Codepen is like a well-aged editor being around for several years already. According to Wikipedia it was launched in 2012!

The well-known Chris Coyer has built up a team of people behind it and IMHO they built up a lovely community of creative people sharing their design and dev ideas on the platform. It is the Dribbble of the frontend developers!

I always find inspiration there!

CodeSandbox.io

CodeSandbox.io is the rising star of online editors. At least I perceive it like it is. The main difference is the feeling inside the editor. CodeSandbox feels more like a "real" editor. You don't have the feeling that you are actually on a website writing code, but they try to keep the immersion that you are in your offline editor doing things although you are actually on a website.

Also the community looks more JS-focused, less about design and creativity. More about JS architectural demos. That's why I still like the Codepen community more, although from the pure experience CodeSandbox feels a bit more modern and nicer.

Furthermore a lot of online editors try to provide bootstrapped code for popular frameworks and libraries. But I would personally always choose CodeSandbox over the others for trying out some prototype in React context. Whereas I would rather use CodePen for creative plain HTML, CSS and JS demos.

Repl.it

Repl is for me the go-to editor in the non-web context! It supports many different programming languages. From bash, Erlang to QBasic. So I would recommend Repl.it especially for non-web projects.

Also I noticed that the website got a whole makeover last year or so and they focused their work on performance improvements.

Repl.it is also a nice go-to editor for only classrooms or online courses as it supports so many different languages.

JSBin

JSBin, oh my old boy, was developed since 2008 by Remy Sharp. I actually do not know the concrete status of the project. As they wrote on Github, the current v4 is no longer actively maintained, but there should be some version 5 coming.

I personally mainly use JSBin for trying something out for a few minutes and trashing everything away into the "bin" afterwards. So those are not any demos I want to show to someone. It is mostly for me trying something out very quickly.

JSFiddle

JSFiddle is from 2010 - you see 2008 to 2012 had been busy editor times! JSFiddle still "seems" actively developed (cf. their roadmap) and I use it in the same way as I use JSBin: Trying something out very quickly, but without the goal to save my results and instead just throwing them away again.

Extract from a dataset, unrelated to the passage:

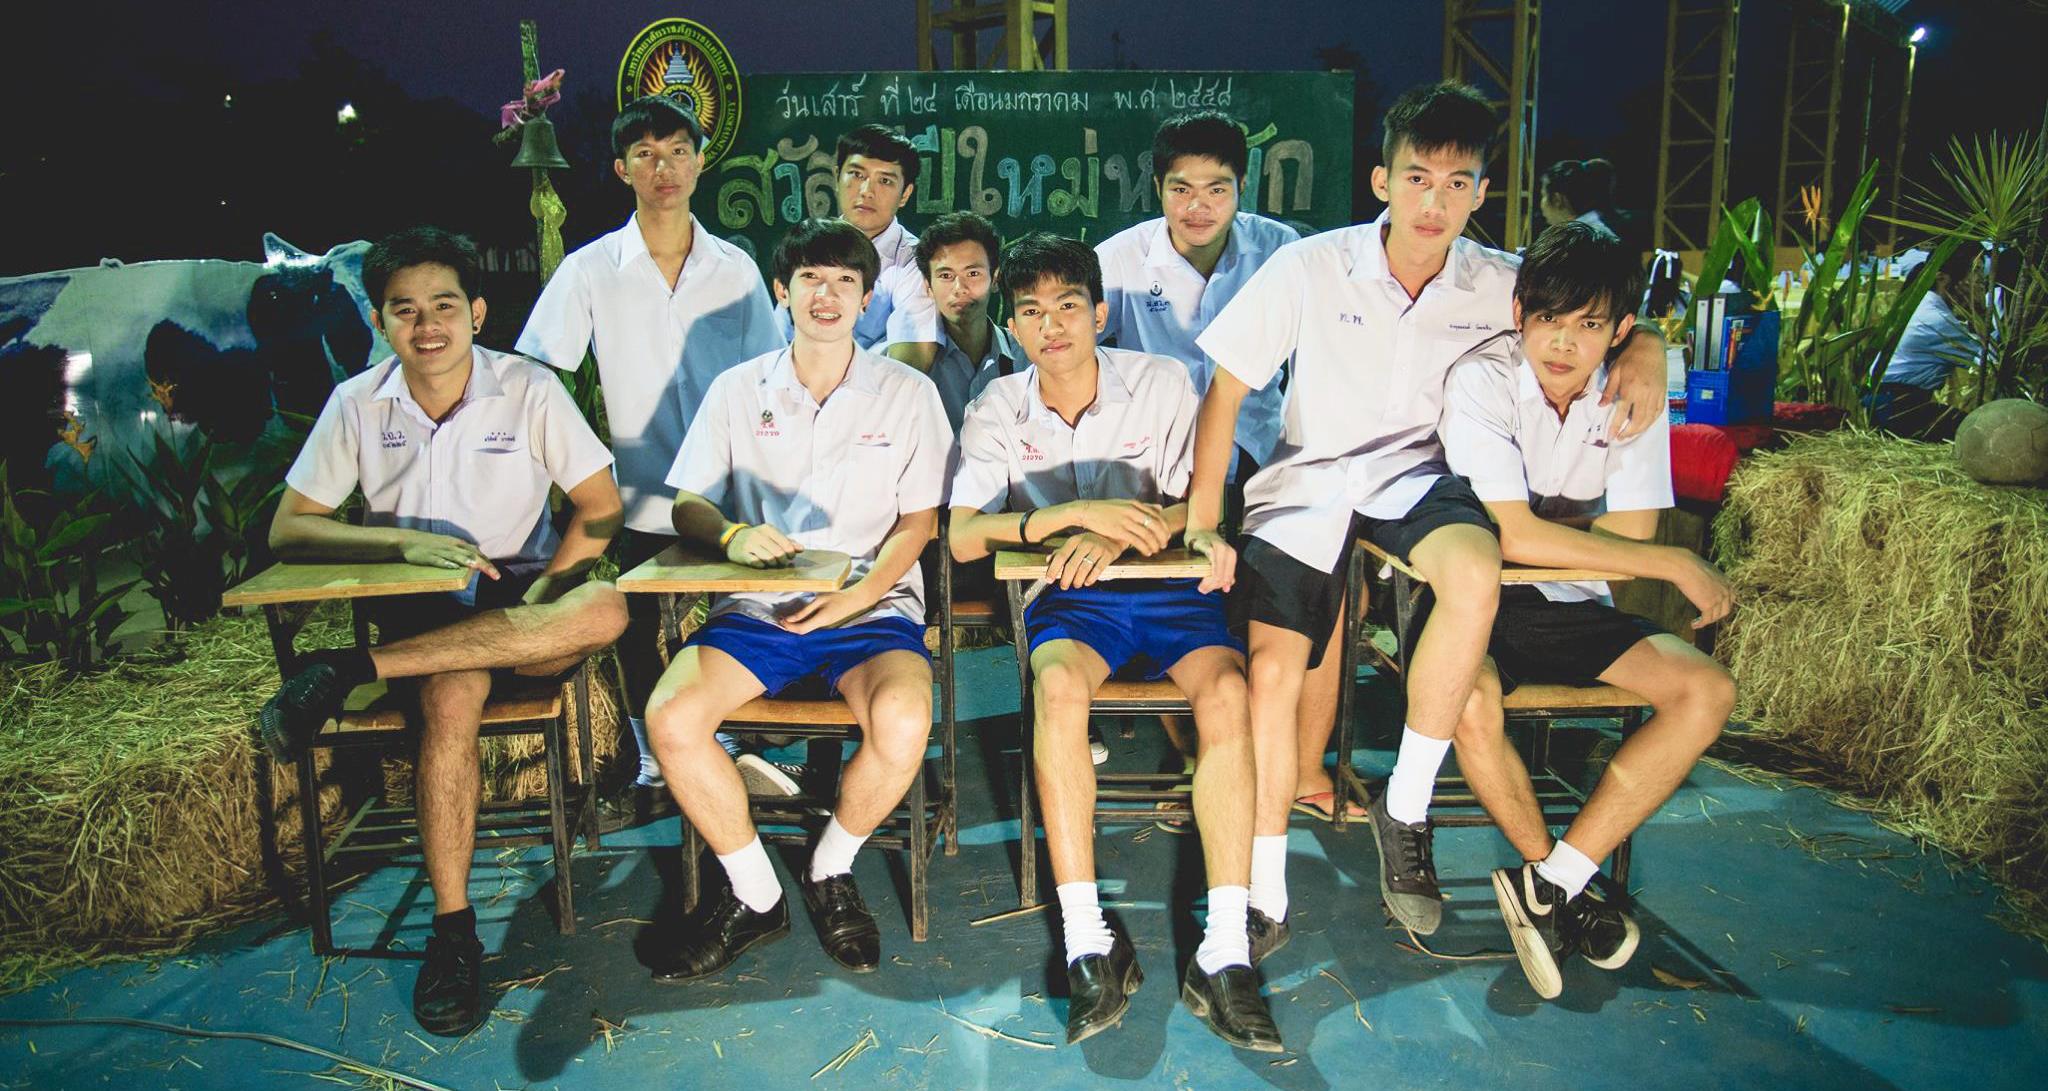 การรับสมัครนักศึกษาใหม่ ประจำปีการศึกษา 2560

JSBin and JSFiddle are both valuable to me due to their simplicity. No long loading times, simple interface and that's it. Really convenient esp. when you have no time to wait for things to load up etc.

Github Codespaces

Github introduced some new beta project called CodeSpaces. It's basically a virtual version of VSCode which you can use to edit your repos online. This move is a logical next step for Microsoft as you might know that Github and VSCode are owned by Microsoft nowadays.

I hope this overview is helpful for you and I really encourage you to try at least some of them out. Or do you already settled down for one?